Ahlâk veya ahlâki davranış bir kültür yada dinin kurallarını izleyen bir dizi olumlu karakter özelliğidir. Toplum içinde insanın uyması gereken yazılı olmayan kurallardır.Ahlâk,fazilet,edep,erdem,etik,vicdan,sorumluluk,adalet gibi kavramlarla harmanlanır ve insana daha ideale doğru yükselme imkanı sağlar. Bunların hepsi bir zincirin halkaları gibidir. Bu halkalardan birinin kırılması, ardından diğer halkaların da tek tek dağılmasına ve kırılmasına yol açar. Ahlak çökerse diğer erdemler de çöker, toplum çöker.
Bu bağlamda toplumumuzda da giderek şirazenin kaybolduğunu, ahlâki çözülme ile birlikte bunun hayatın farklı alanlarında, farklı çözülme ve bozulmalara da kaynaklık ettiği artık iyice gün yüzüne çıkmıştır.

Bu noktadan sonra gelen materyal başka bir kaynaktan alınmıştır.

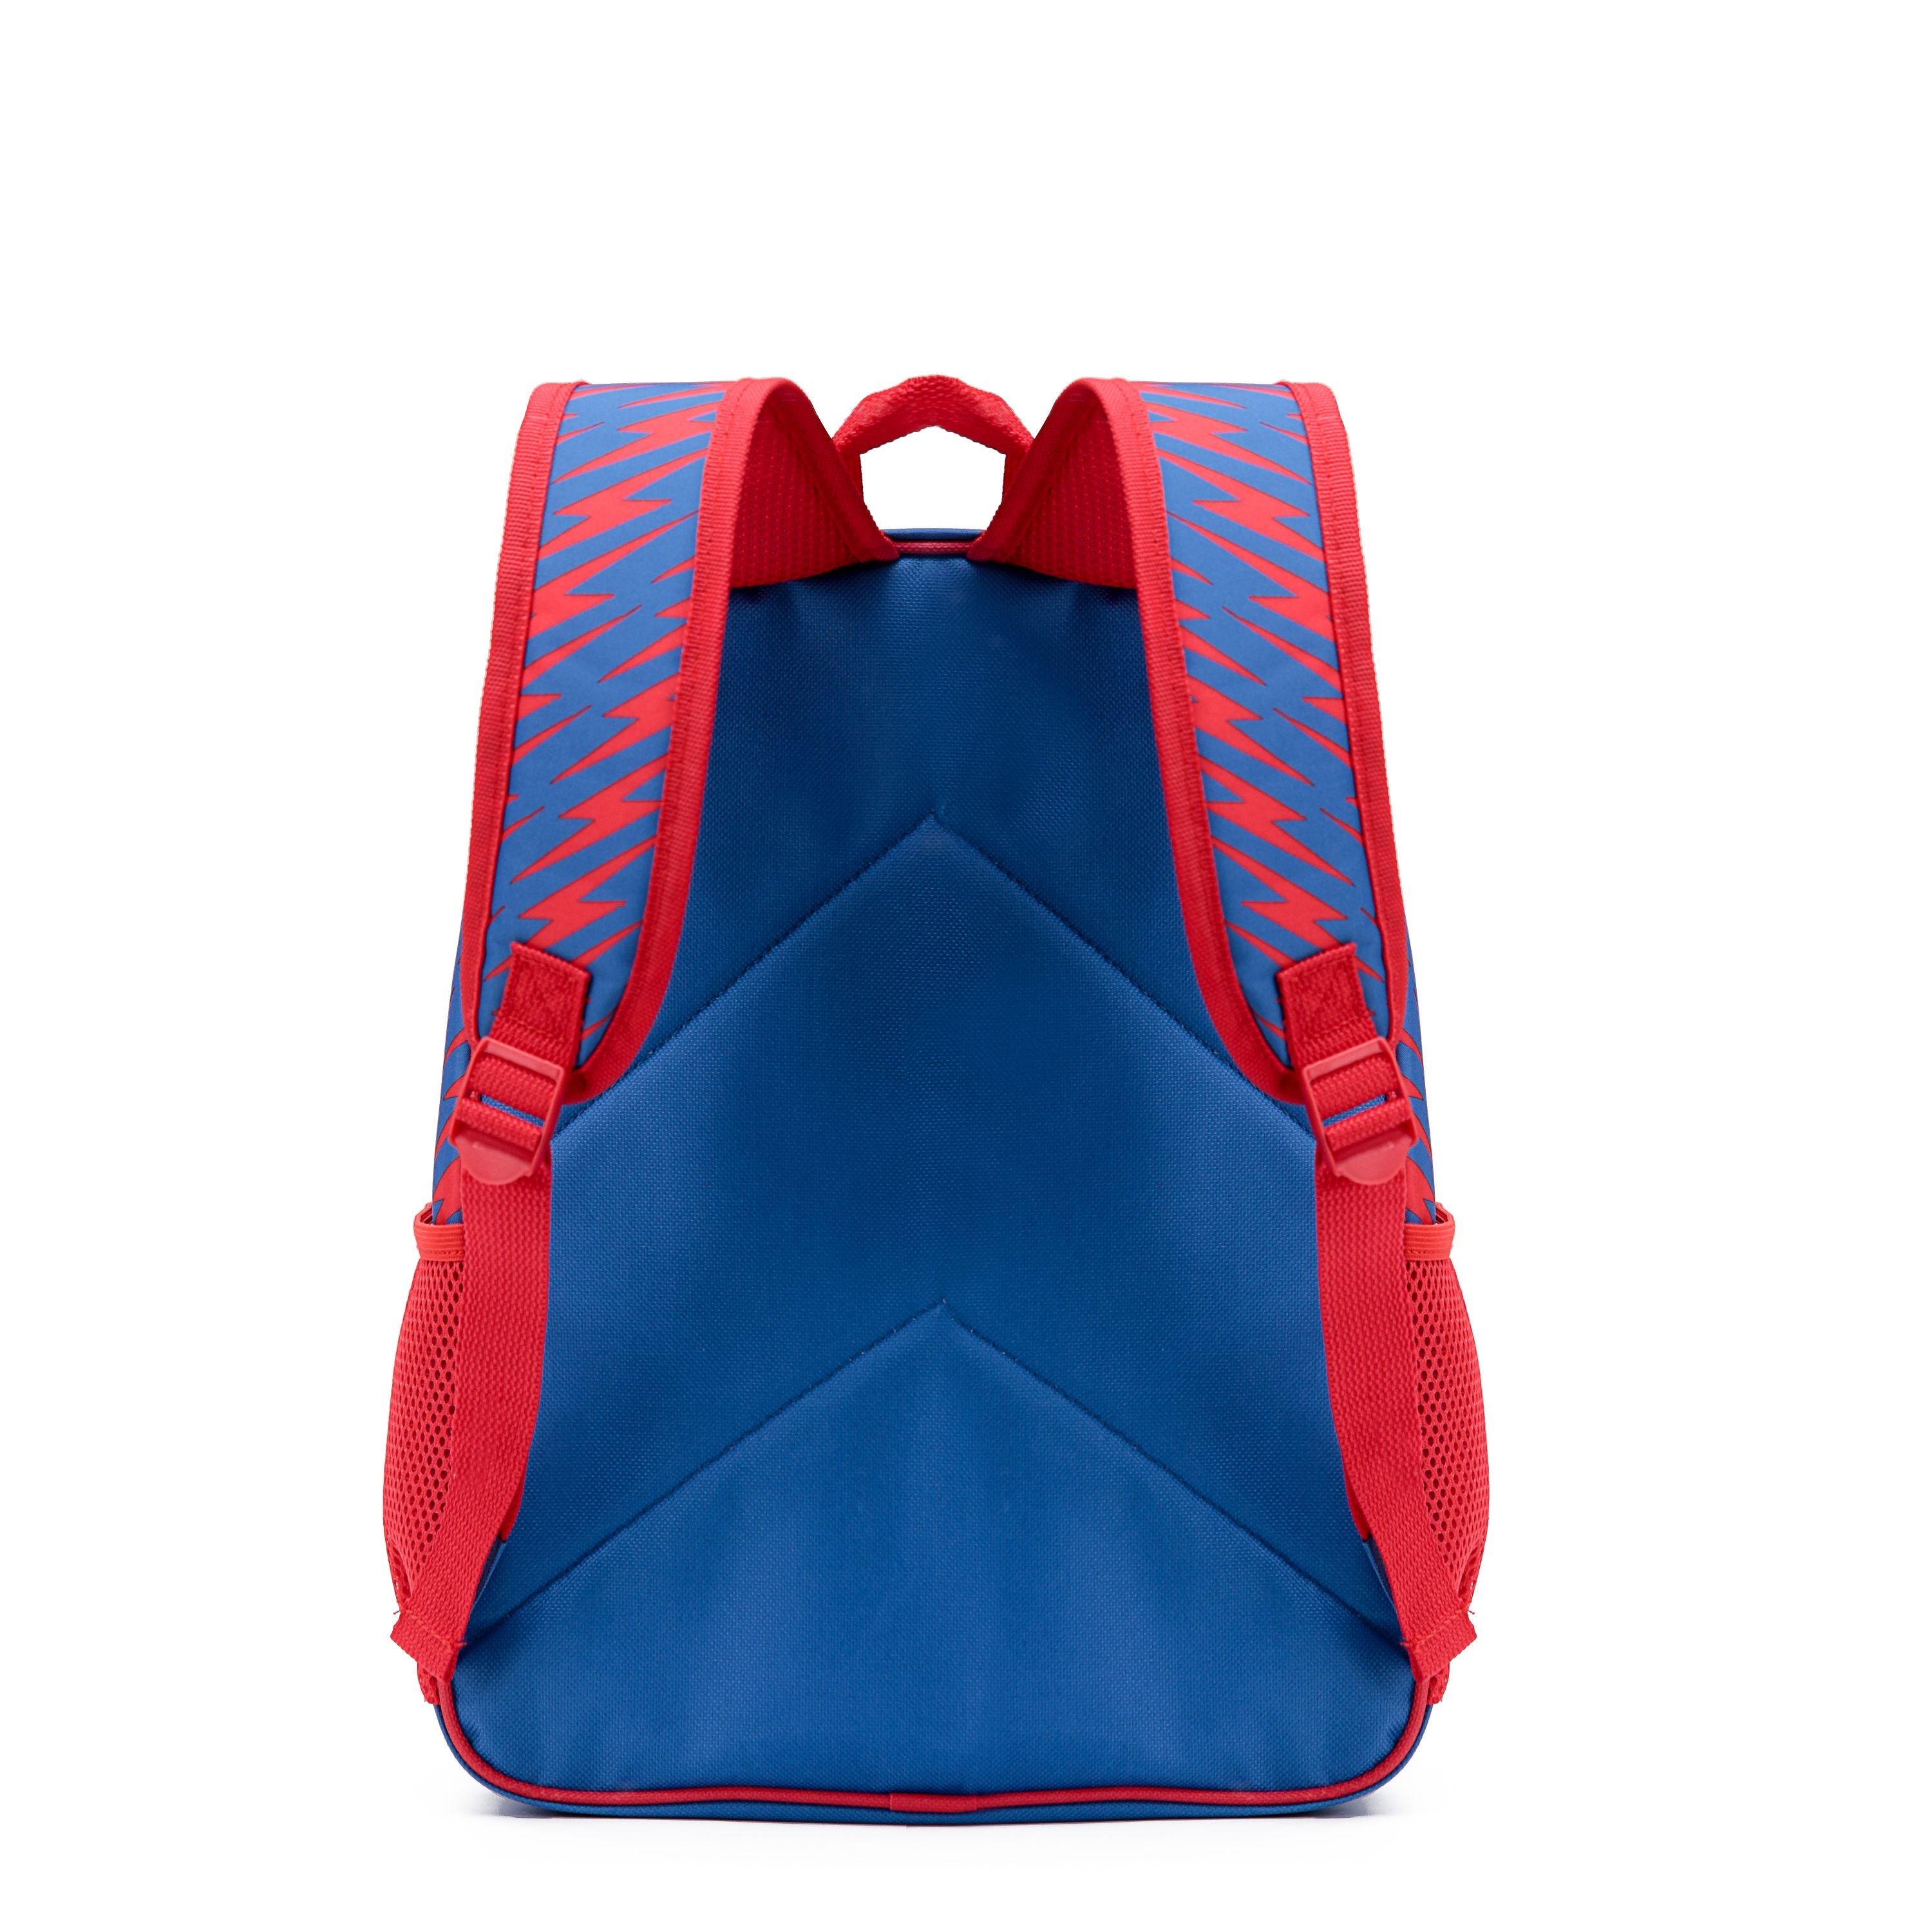 Marvel - Spider Man Mar093 15in Hologram Backpack - Red/Blue-1

Küresel sistemde modernizm söylemleri ve eylemleri insanların zayıf noktalarını bir silaha dönüştürmüştür ve o namlu artık tüm insanlığa çevrilmiştir.
Sadece tüketen ve rahata, gösterişe dönüşen toplum ,özgürlüğünün ve gücünün sınırlarını aşmış, kendiyle birlikte bütün değerleri de tüketmeye ve yok etmeye başlamıştır.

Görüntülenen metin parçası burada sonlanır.